In today's world of distributed workforces and rapid SaaS adoption, organizations need a new approach to technology governance—one that empowers employees while maintaining security.

The way we work has fundamentally changed. As organizations embrace digital transformation, employees are increasingly making daily, independent decisions about the technology they use—creating what we call the "Workforce Edge." This democratization of technology adoption has left traditional security and governance approaches struggling to keep pace.

Third-party risk management, data governance, and identity security programs are falling behind.

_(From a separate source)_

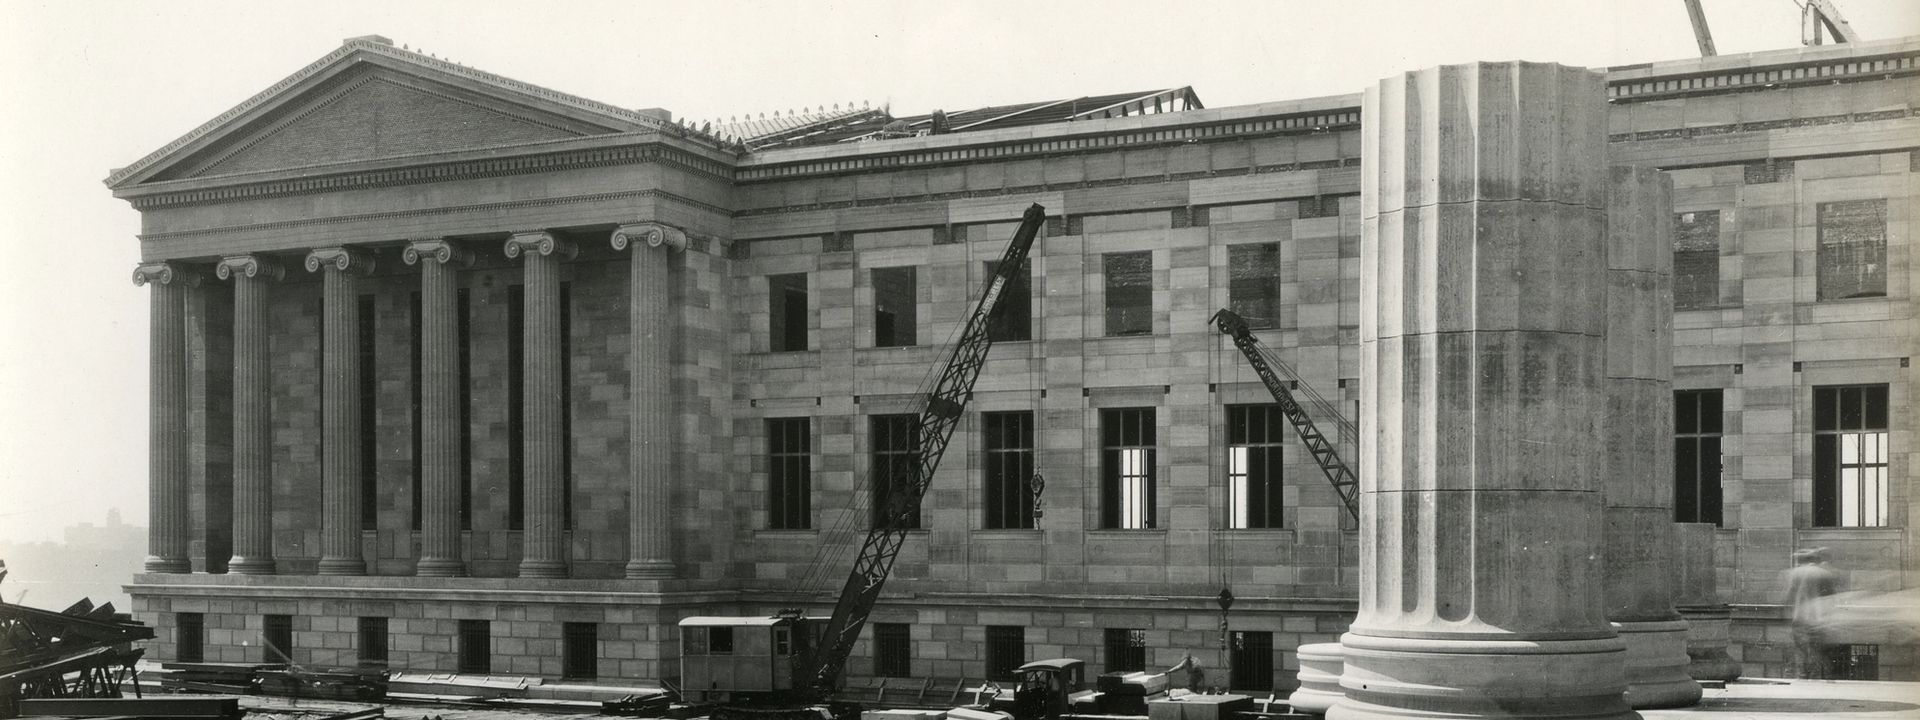 Black and white photograph of the museum being built in 1926

Despite significant, continued investment in identity and access, data governance, and third-party risk management, IT security and GRC programs are falling further behind, outpaced by business demands.

Consider that:

  • Third-party risk management programs are overwhelmed by the continuous need to assess and monitor new and existing vendors for vulnerabilities. This backlog has led to a troubling reality: 60% of apps used across organizations today are unsanctioned, meaning vendors remain unvetted and apps aren't securely configured before use.*
  • From a data governance standpoint, a growing number of apps (40 on average) handle sensitive data—either directly or through integrations that connect fourth-party services to critical apps like Github and Salesforce.*
  • Managing and protecting identities has become increasingly challenging across hundreds to thousands of SaaS accounts, with fewer than half of all identities under central management.*
  • There are real financial and operational costs as well. Gartner estimates that 25% of all SaaS is underused and over-deployed, leading to hundreds of dollars in waste per employee annually.

*Source: Nudge Security product data

Your employees make daily decisions that introduce SaaS sprawl and risk.

These investments routinely fail to address the real root problem, which begins with the simple fact that your employees use the internet for work.

The modern internet is designed to not just enable, but rather entice your workforce to experiment with new SaaS and generative AI apps, upload corporate data, invite colleagues to collaborate, and hook them into other critical apps—ideally without getting bogged down by traditional approval and procurement processes.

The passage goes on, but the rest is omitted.